I have a Canadian 2009 version of the HS724 electric start track blower. 2 dealers have given me 24150-V13-000, as the proper part number for the cable change (controls forward and reverse) and it does appear to match my old existing cable. However when I install it as per the Honda service manual, the control lever is no where near centered in the neutral position. I have misadjusted, the clamping nuts and have a working unit, but wonder were I went wrong. 


As per the procedures, I have the cable installed with the proper end as suggested. Observed the mounting distance at the transmission end. As well as the proper hole connection on the Control lever.

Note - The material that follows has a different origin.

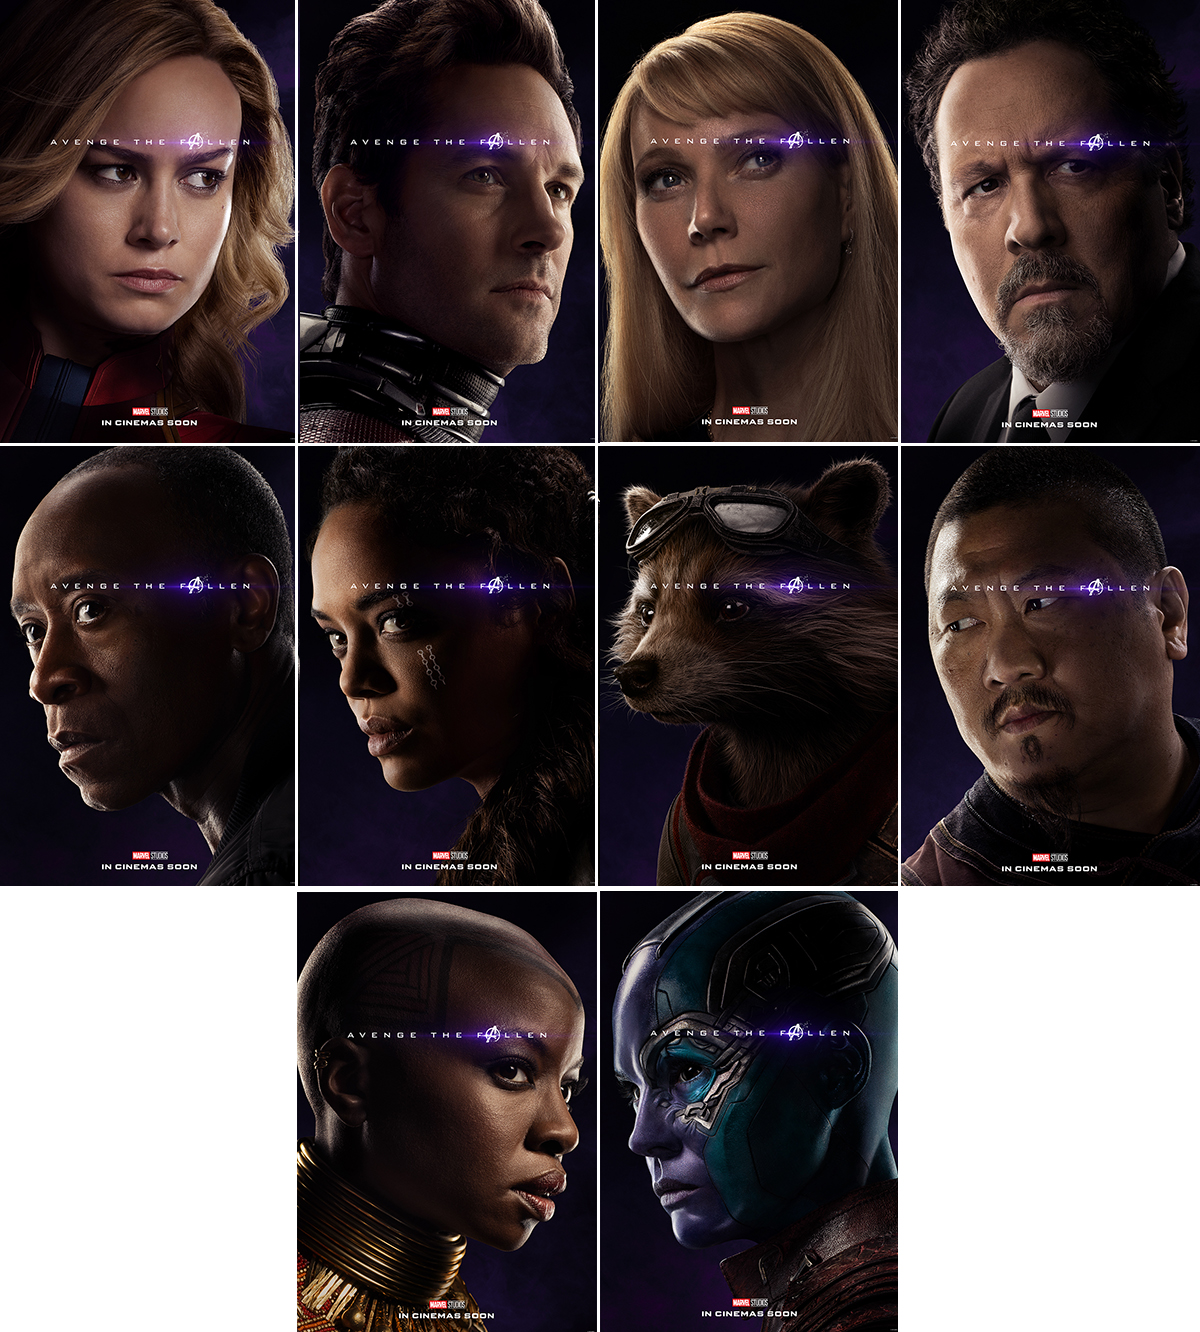 Avengers: Endgame, หนังมาร์เวล, มาร์เวล สตูดิโอ, จักรวาลมาร์เวล
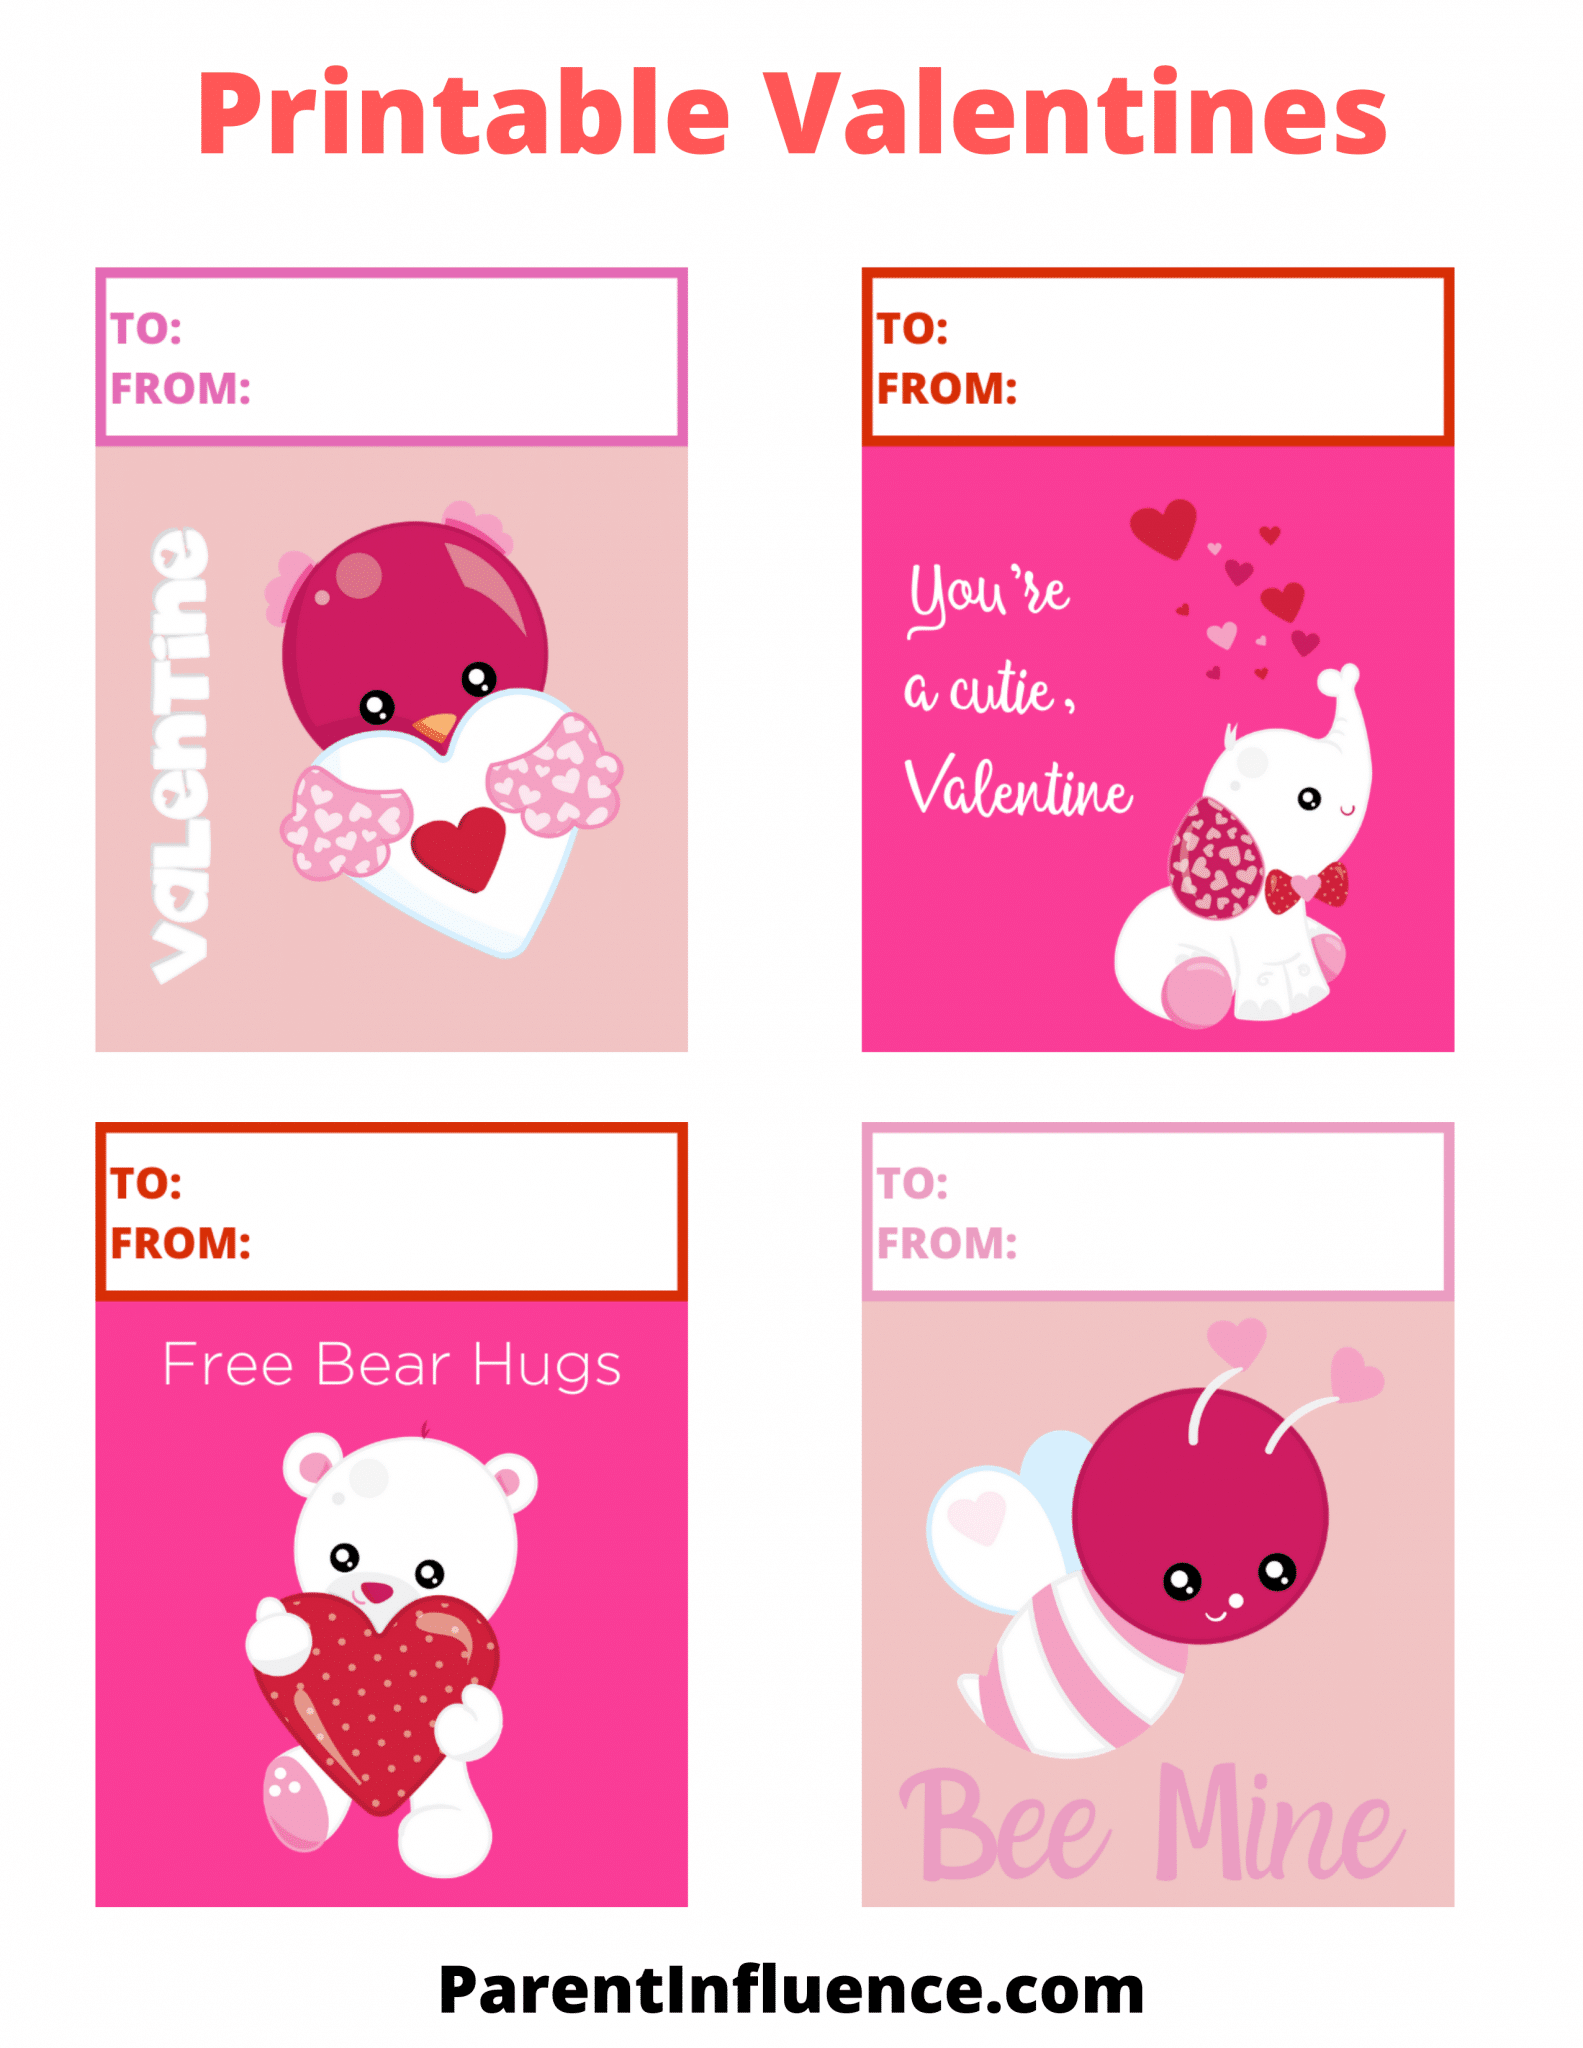 DIY Valentine’s Day Cards for Kids

Any one, feel free to offer suggestions.....Thanks


Robert do you have access to the Canadian service manuals and or part numbers. I can supply more details if you are able to assist.


----------



## xenon55 (Dec 31, 2017)

I couldn't find access to any Canadian parts catalog to try and look it up myself and I'm unsure what US model would be the same, but I'll give you a few things to check. Btw I've been in parts for about 25 years starting out at a motorcycle dealer (Japanese and Italian) then moving to automotive (German and Japanese). I'm currently the parts mgr at a high volume Japanese dealer.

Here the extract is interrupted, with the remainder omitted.